Among the 35 elders arrested on that third day of protection were some of the most respected in the community: 82-year-old Kumu Hula Pua Kanaka’ole Kanahele, daughter of Edith Kanaka’ole, for whom Edith Kanaka’ole Stadium, home of the Merrie Monarch Hula Festival, is named; 68-year-old attorney Mililani Trask, sister of the famed author and activist Haunani-Kay Trask; retired nurse Genevieve Kinney, who at 85 years old needed to be taken into custody in her wheelchair; and Ritte, a well-known activist and member of the “Kaho’olawe Nine,” along with his wife, former Miss Hawaii Loretta Ritte. 

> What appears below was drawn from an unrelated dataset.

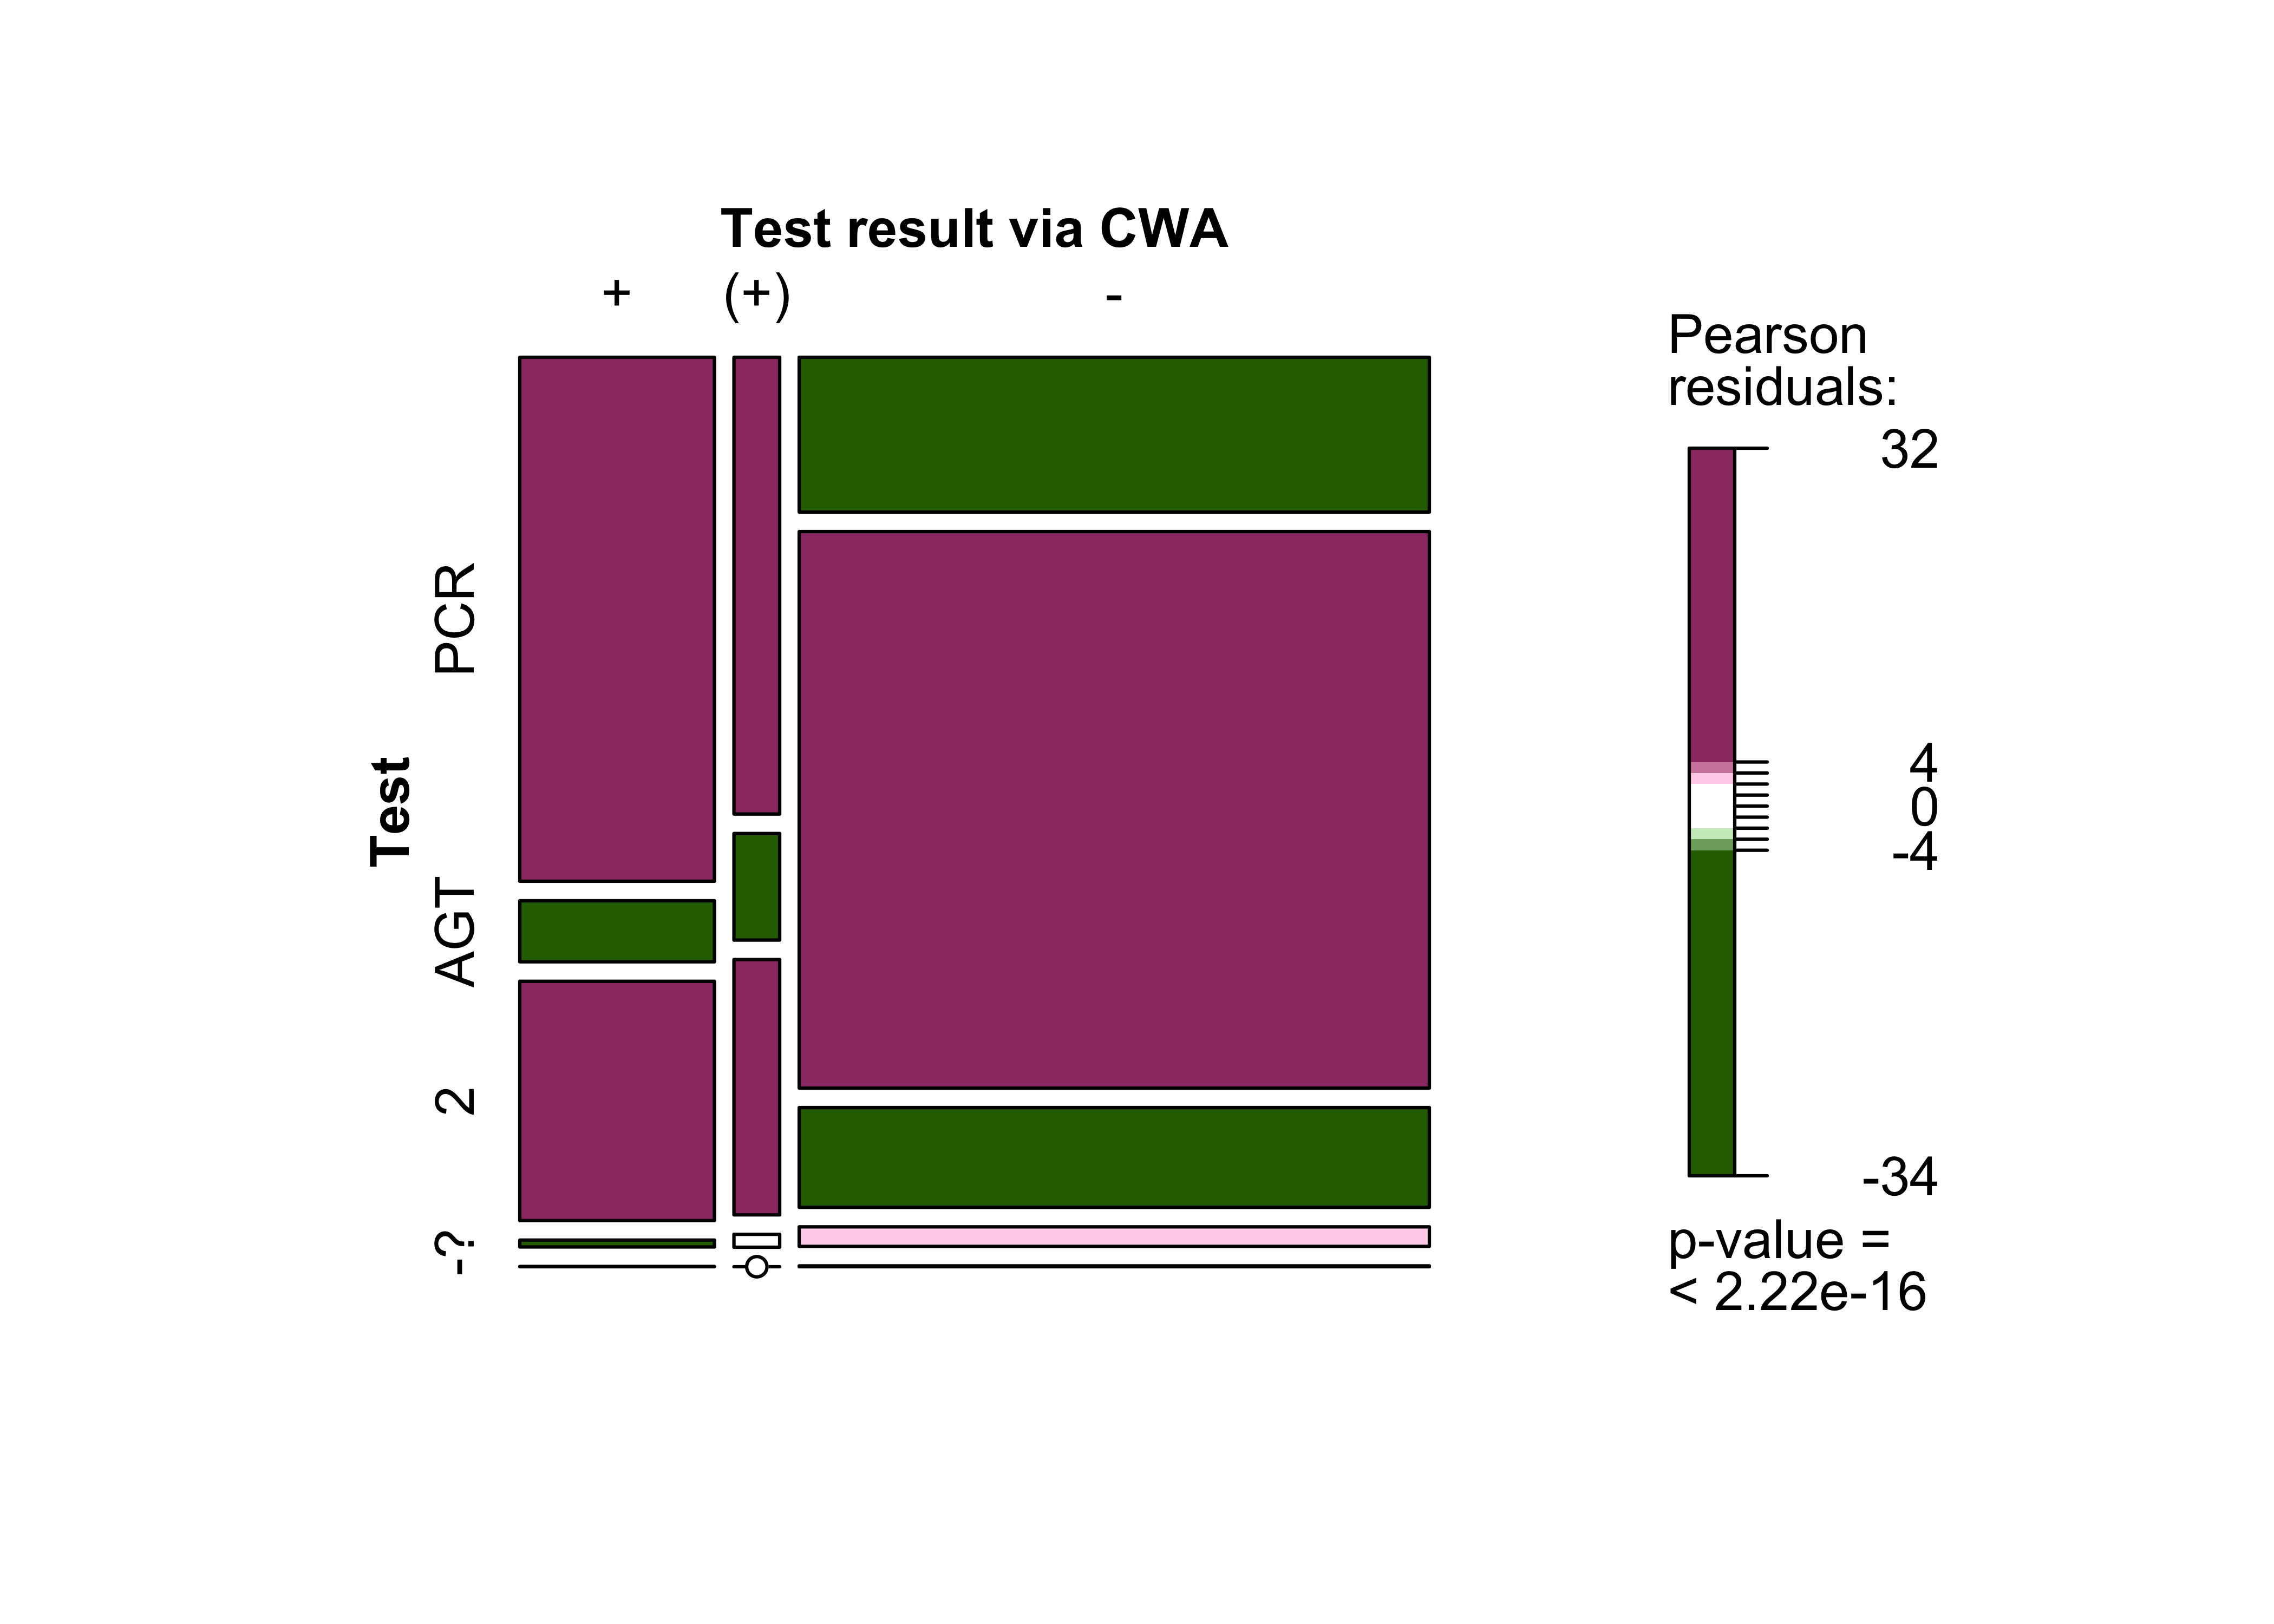 Fig. 13: EDUS - Relationship between tests carried out and receiving a test result via the CWA .

Based on footage released by the state, law enforcement officers, many Hawaiians and some related to kia’i, continue to struggle emotionally with being forced to stand opposite to the Hawaiian community gathered at the mountain. The use of Native Hawaiian law enforcement has been met with harsh criticism. Many consider it an intentional decision by government leaders, who are primarily non-Hawaiian, to create division and trauma within the Hawaiian community. 

The arrests and continued threat of force against the protectors opened floodgates of anguish and outrage across the state and country. Immediately, Hawaiians and allies began to take to the streets.

Led largely by Kumu Hula (cultural practitioners and Hawaiian dance masters), Hawaiians and supporters began to occupy government buildings and offices. The H-1 on the neighboring island of Oahu was slowed to a near halt as more than 100 supporters in vehicles took control of traffic on the busy freeway. Additional demonstrations spontaneously took place at the airport and other locations across the state.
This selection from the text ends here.